In reality, some carbohydrates are good for you, and some carbohydrates are bad for you. Some fats are good
for you; some fats are bad for you. Some protein foods are good, and some are bad. The most sensible approach
I've found to date was published by the Harvard School of Public Health in the Journal of Clinical Nutrition
(Dec. 2002).
Harvard divides carbohydrates into "good" and "bad" based upon the glycemic response they produce in the body.
Processed carbohydrates, like those containing sugar or processed flour, are digested quickly and are known as
high-glycemic carbohydrates. High glycemic carbs cause a glycemic response where blood sugar levels and
insulin levels rise. This peak is followed by a sugar low and leads to increased storage of body fat. While
increased body fat is bad enough, when your sugar is low you crave high-glycemic carbs to bring you back to
the sugar high state. In other words, your appetite is increased.

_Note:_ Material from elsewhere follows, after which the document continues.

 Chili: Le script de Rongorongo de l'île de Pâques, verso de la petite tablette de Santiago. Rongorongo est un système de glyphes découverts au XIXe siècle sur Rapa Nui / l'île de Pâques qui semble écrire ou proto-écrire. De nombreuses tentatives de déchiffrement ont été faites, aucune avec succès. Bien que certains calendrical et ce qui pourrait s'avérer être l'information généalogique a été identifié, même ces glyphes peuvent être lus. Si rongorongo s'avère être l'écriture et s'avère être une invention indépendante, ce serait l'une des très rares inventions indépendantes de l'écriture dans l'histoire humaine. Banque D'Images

Low glycemic carbohydrates, such as whole grains, digest slowly and give the body energy over a longer period
of time. Most vegetables have a low glycemic response.

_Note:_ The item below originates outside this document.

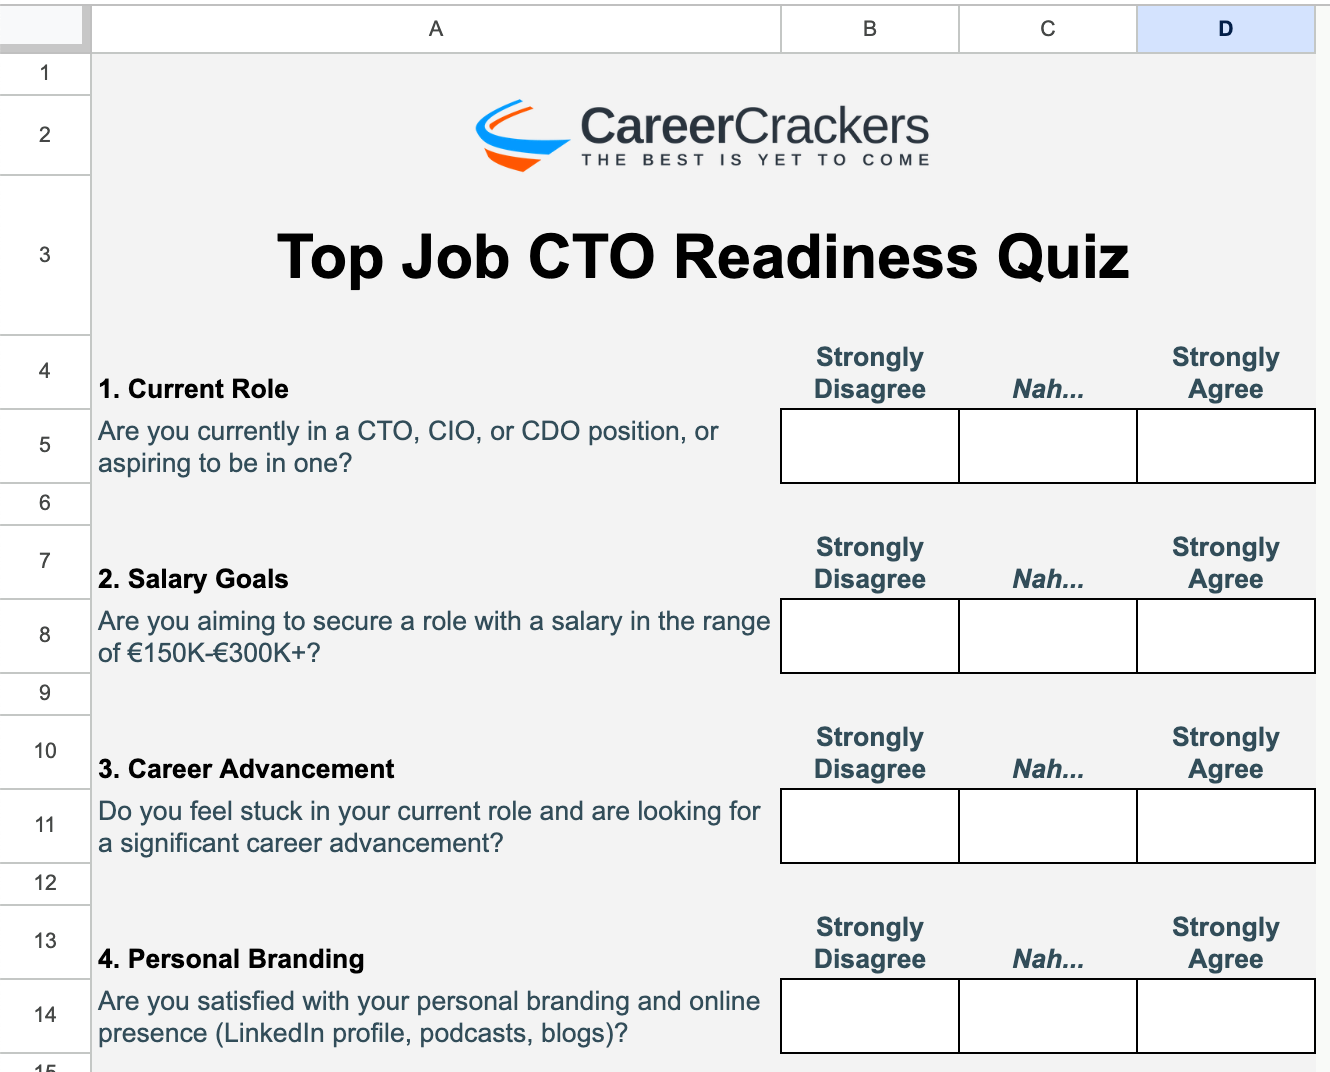 Top Job CTO Readiness Quiz Screenshot

Bad fats--saturated fats such as those found in fried foods and butter--are harmful in several ways. Saturated
fats are typically high in cholesterol and raise the body's cholesterol levels. In addition, saturated fats
cause free radical damage or oxidative stress. This oxidation is the body's equivalent of rusting. According
to the National Council on Aging, "Free radical or oxidative damage has been implicated in several
age-associated diseases, from cancer to Alzheimer's. Some researchers have even suggested that this damage
may be a central cause of the aging process itself."
On the other hand, the good fats--vegetable oils and essential fatty acids--are needed in many of the body's
processes from brain function to heart function to metabolism of fat. That's right, it takes fat to burn fat.
As a rule of thumb, any fat or oil that is solid at room temperature is a bad fat. If it is liquid at room
temperature it is more likely a good fat. Cooking at high temperatures or frying good fats can cause them to
become saturated, turning them into bad fats.
Protein rich foods are good or bad based upon their saturated fat content. Legumes such as beans and lentils
are a good protein source with little or no fat content. The fats they contain are usually good fats. Poultry,
fish and eggs are animal proteins relatively low in fat. In fact, fish is an excellent source of Omega 3 fatty
acids, a good fat widely known for its role in reducing cholesterol levels. On the other hand, beef and pork
are typically high in saturated fats and should be consumed sparingly.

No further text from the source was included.